In a comment, you stated "so there is no problem with static classes or a basic mistake of me". Performance-wise, no. From a web-app point of view, probably. In particular, static fields are global and initialized once per AppDomain, not per session -- the variables mCurrentCultureCode and mcurrentSiteName sound session-specific, not global to the AppDomain. I'd double-check those to see your site renders correctly when users with different culture settings access the site at the same time.
Are you already using Caching and Session state?
The basic idea being to defer as much of the data loading to these storage mediums as possible and not do it on individual page loads. Caching especially can be useful if you only need to get the data once and want to share it between users and over time.
If you are already doing these things, ore cant directly implement them try deferring as much of this data gathering as possible, opting to short-circuit it and not do the loading up front. If the data is only occasionally used this can also save you a lot of time in page loads.

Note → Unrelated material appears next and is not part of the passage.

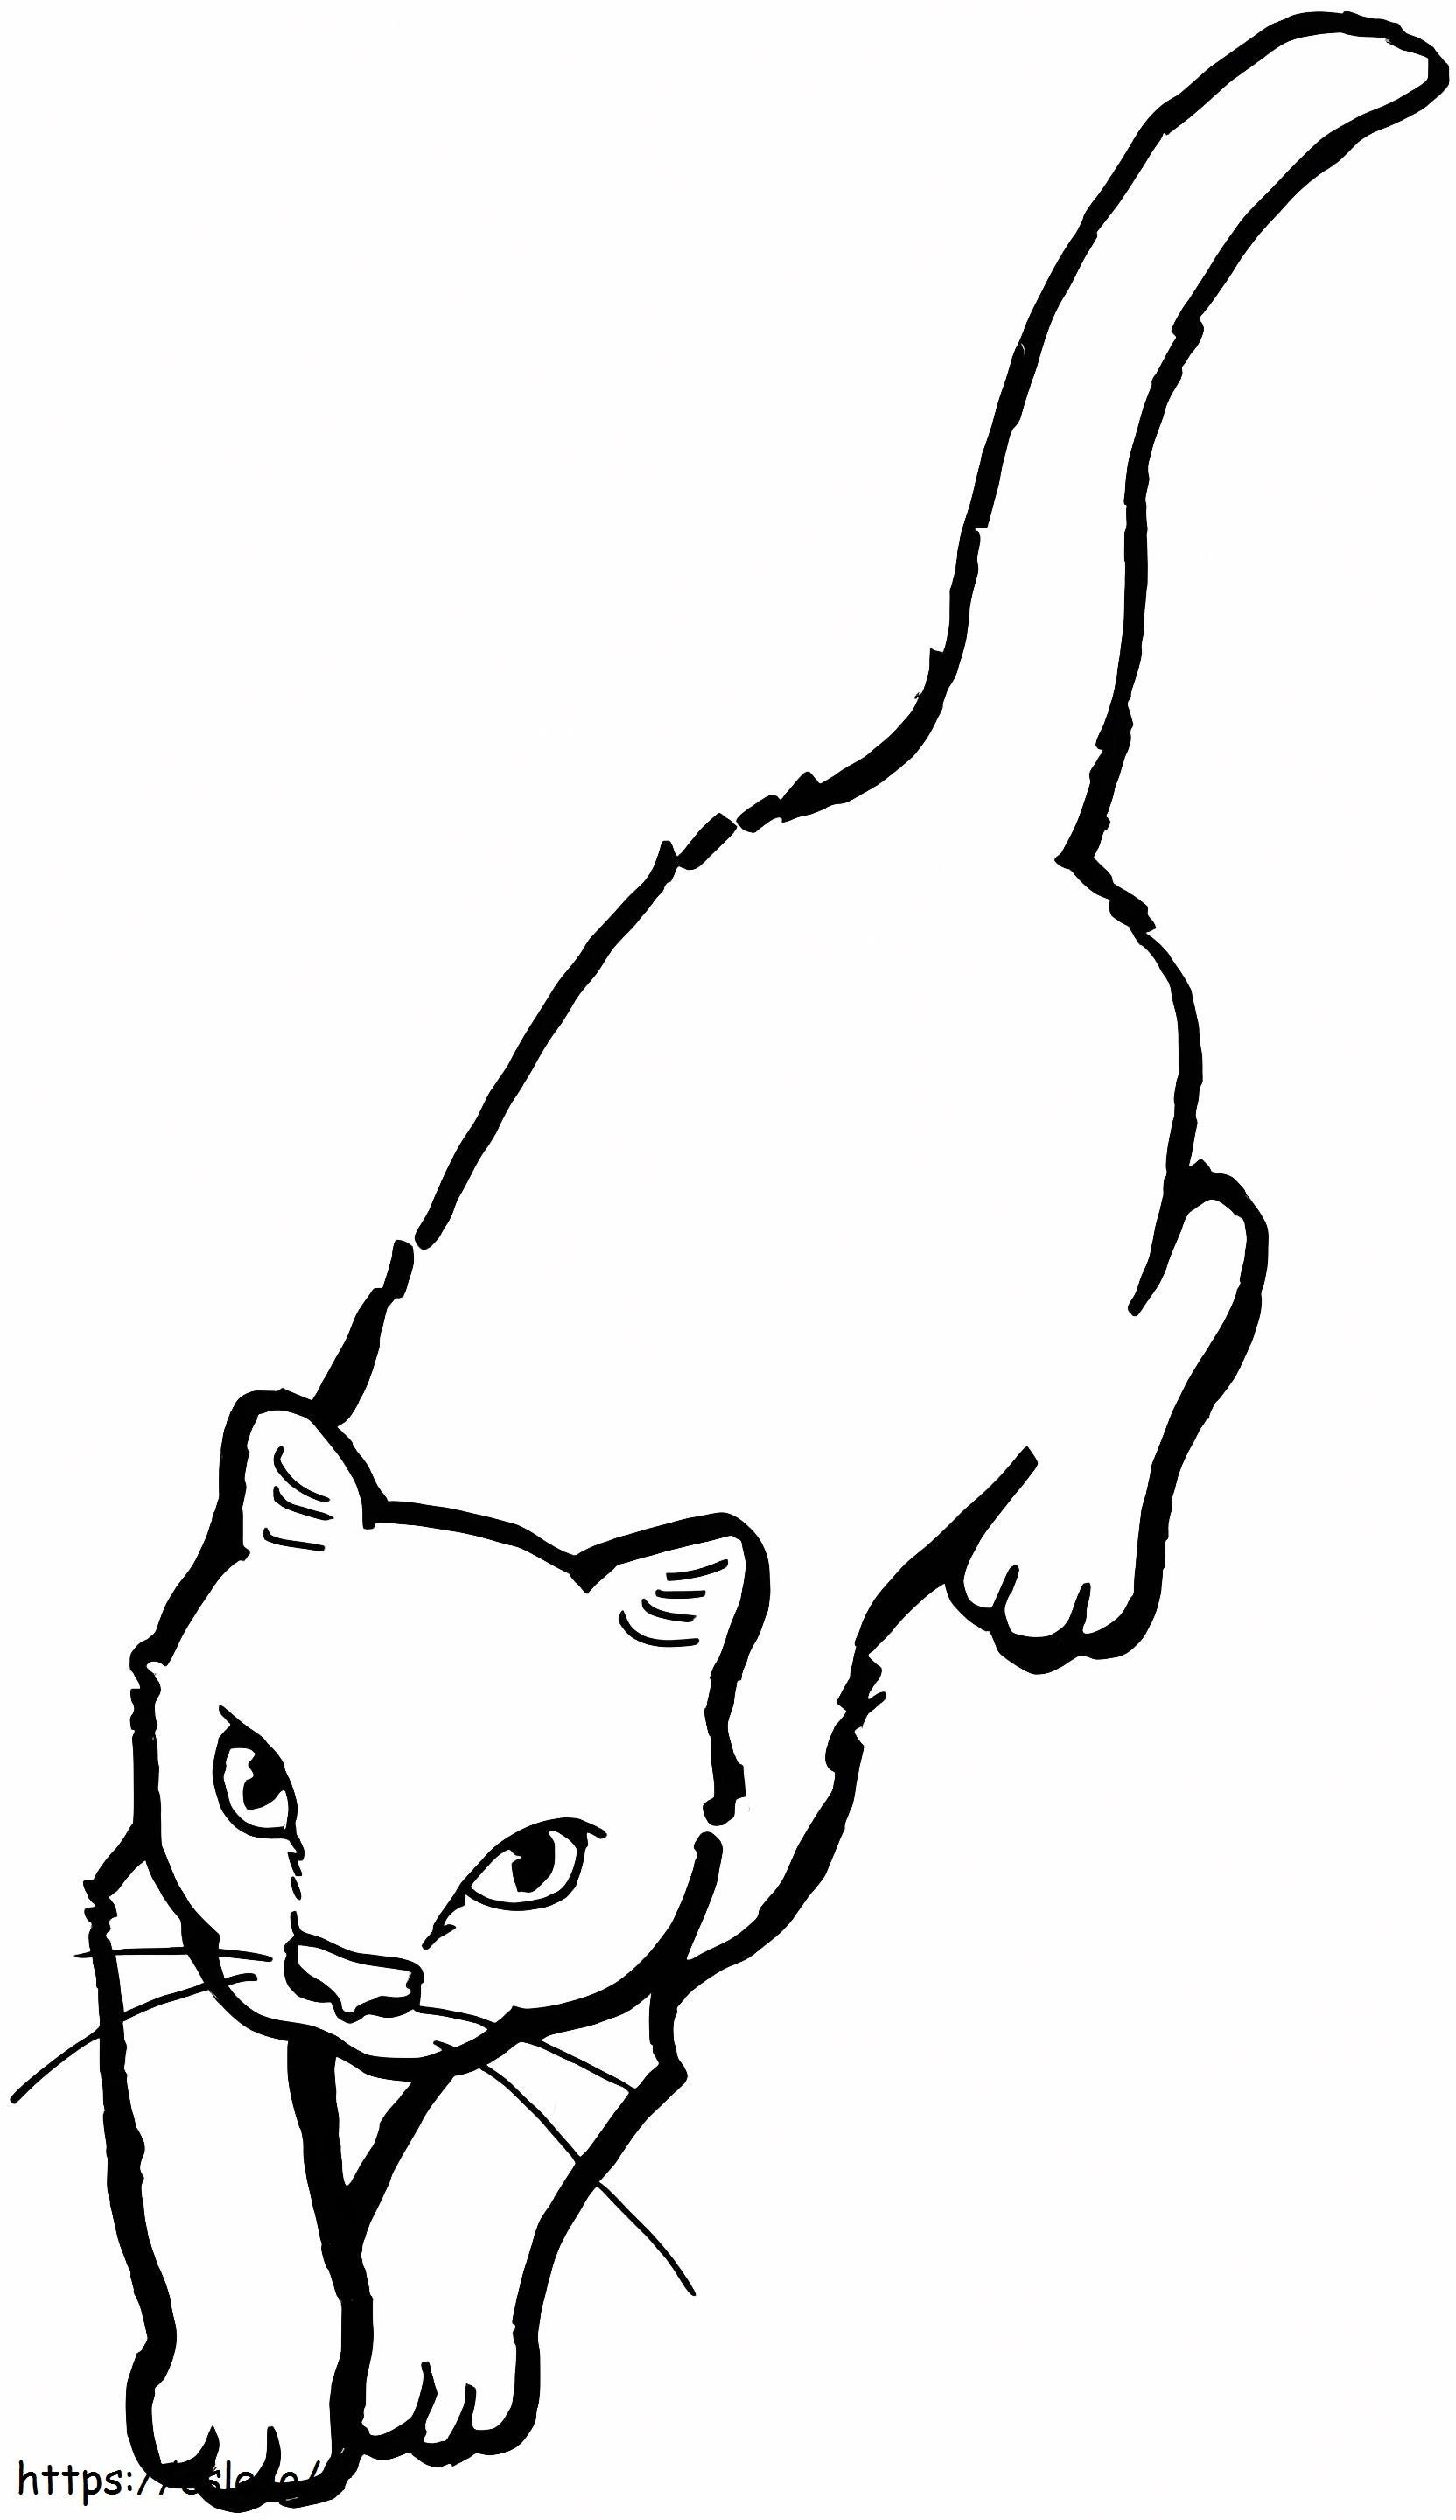 A Cat coloring page

I suggest you try to profile your application and see where the bottlenecks are:
Slow load from the DB?
Slow network traffic?
Slow rendering?
Too much traffic for the client?
The profiling world should be part of almost every senior programmer. It's part of the general toolbox. Learn it, and you'll have the answers yourself.
Cheers!
First thing first... Enable Trace for your application and try to optimize Response size, caching and work with some Application and DB Profilers... By just looking at the code I am afraid no one can be able to help you better.